Not so, it turns out.

No, being an encourager is not just a cherry-on-top trait, but rather a core attribute of Christians. Paul tells us,“Therefore encourage one another and build each other up….” (1 Thessalonians 5:11). He also says, “Encourage one another daily, as long as it is called today, so that none of you may be hardened by sin’s deceitfulness”(Hebrews 3:13).

Actually, the entire Bible is a letter of love and encouragement from the Lord to you and me.

Perhaps your children were not, eh hem, gifted with encouragement. That’s okay, encouragement can be taught, just like sharing and good manners.

Here are a few tips for teaching your child to be an encourager:

? Define “encourage” for your kids (To inspire with hope or confidence; to uplift; to give support to; foster; to stimulate; spur).

? Ask them to discuss a time when they have been encouraged by others and how that made them feel.

? Ask them to think of ways to encourage others and then help them act on their ideas.

? Model encouragement for them. Think of ways to actively encourage your spouse in the presence of your children.

? Script scenarios and words that can be used to encourage others (just as you scripted scenarios and proper words to use when teaching manners). Scenarios we’ve used include uplifting a family member who is sick; encouraging a friend who is sad; and spurring on a classmate who is struggling in school.

? Positively acknowledge when you see encouraging behavior from your child. When one of my children encourages a sibling or a friend (or me!) I say something like, “Thank you so much for encouraging your brother with his spelling words. I think your kind words really boosted his confidence for his test tomorrow.” It’s funny how acknowledging encouraging behavior begets more encouraging behavior….

? Conversely, correct discouraging behavior immediately. Yes, siblings bicker and use unkind words with each other, but you should not condone this behavior. Treating siblings poorly should not be a forgone conclusion or given a pass. We’ve had conversations like, “You will not call your sister derogatory names. She deserves to grow up in a home where she feels loved and respected — and so do you. If anyone speaks negatively to you, they will also be corrected.” In our house, we will be for each other.

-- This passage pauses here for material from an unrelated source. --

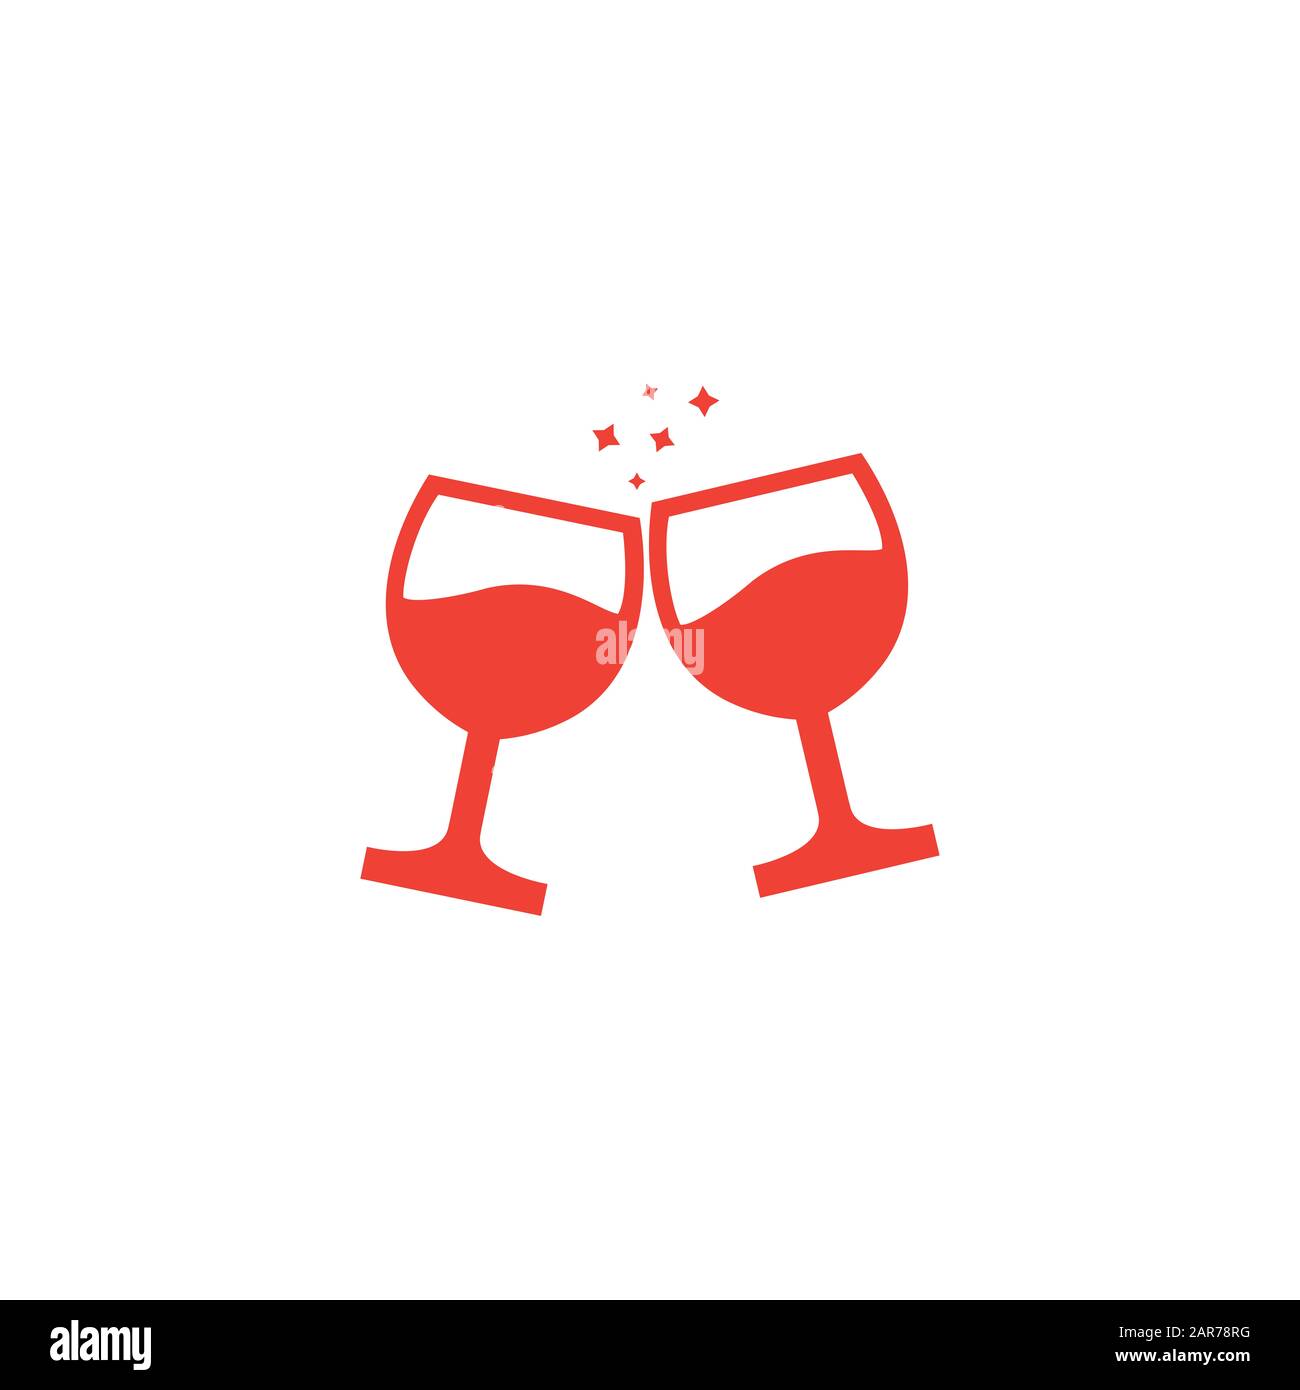 https://c8.alamy.com/comp/2AR78RG/wine-glasses-toast-red-icon-on-white-background-red-flat-style-vector-illustration-2AR78RG.jpg

? As a family, memorize Ephesians 4:29 “Do not let any unwholesome talk come out of your mouths, but only what is helpful for building others up according to their needs, that it may benefit those who listen.”

If the suggestions above are too mature for younger kids, fear not. Some of my favorite memories involve a great tool for toddlers we called “waiting-your-turn-encouragement.” While one child is taking a turn (going down a slide, swinging, playing with a toy, etc.), the waiting children cheer on the child whose turn it is.

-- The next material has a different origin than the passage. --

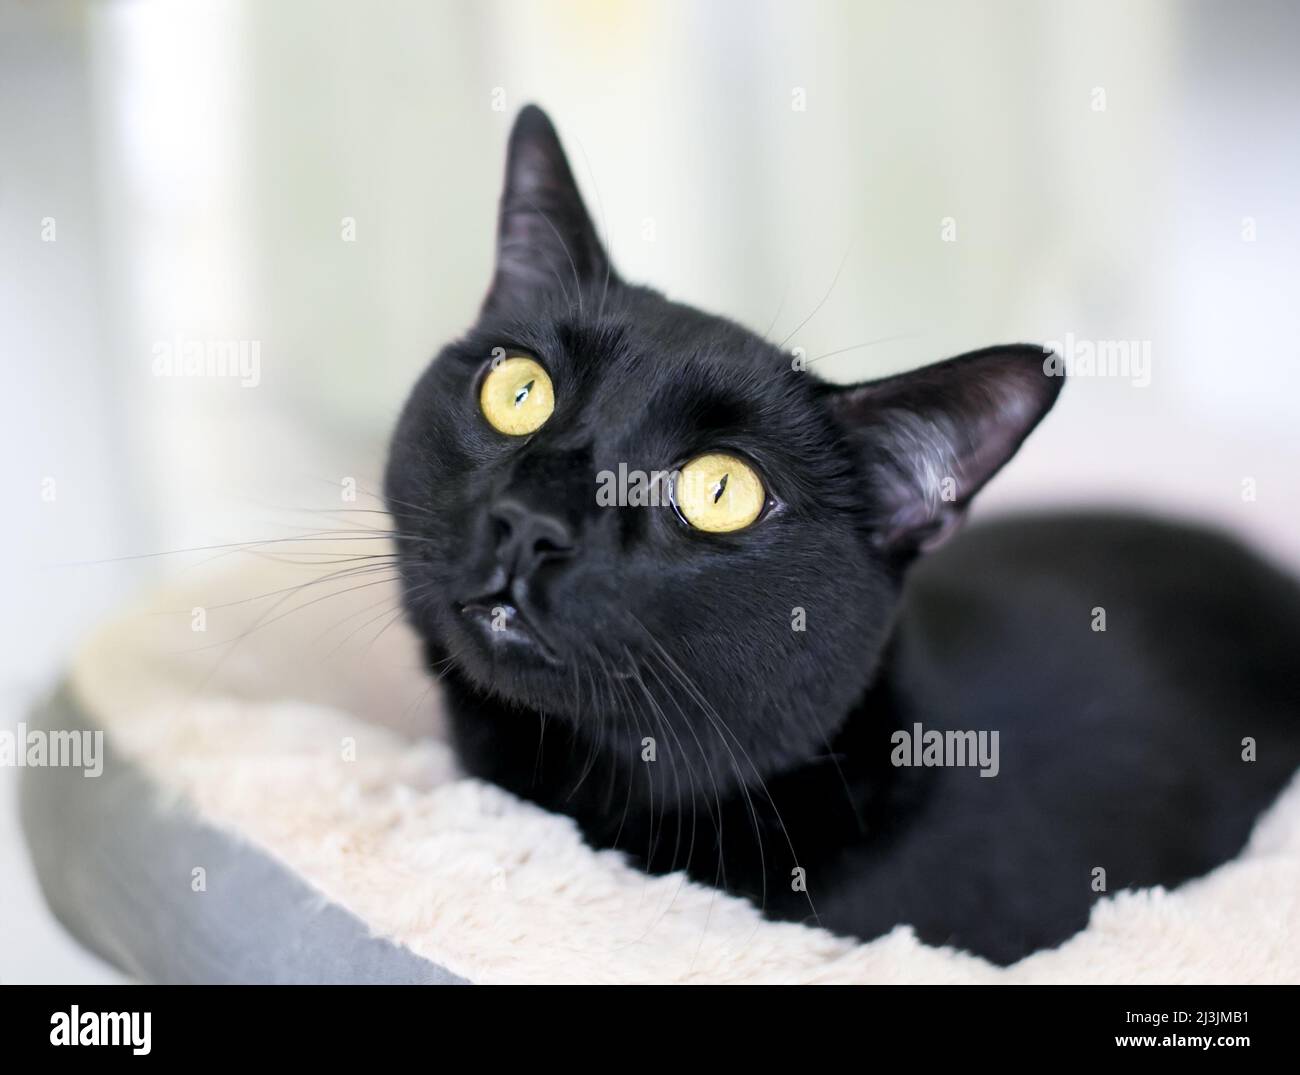 A wide eyed black shorthair cat with constricted pupils lying on a cat bed Stock Photo

This practice benefits all parties – the child taking the turn has their own cheering section; the children in line are focused on cheering for the other child instead of it not being their turn; and the parents hear cheers instead of “But, when is it mmmyyyyy turn?”

It’s a thing of beauty, really. (Oh, and if a child chooses to not participate in cheering, they are also choosing to lose their turn. That consequence seems to help in their decision-making process.)

And as your kids learn to uplift others, don’t be surprised when you also become a beneficiary of their encouragement. Recently I was in the kitchen scrubbing a pan that I could not get clean. And while I’m not admitting to burning dinner, my oldest daughter came up and said,“I still see some black on it, Mom, but you are doing a great job!”

It turns out scrubbing a pan while smiling makes the task infinitely easier.

Be encouraged.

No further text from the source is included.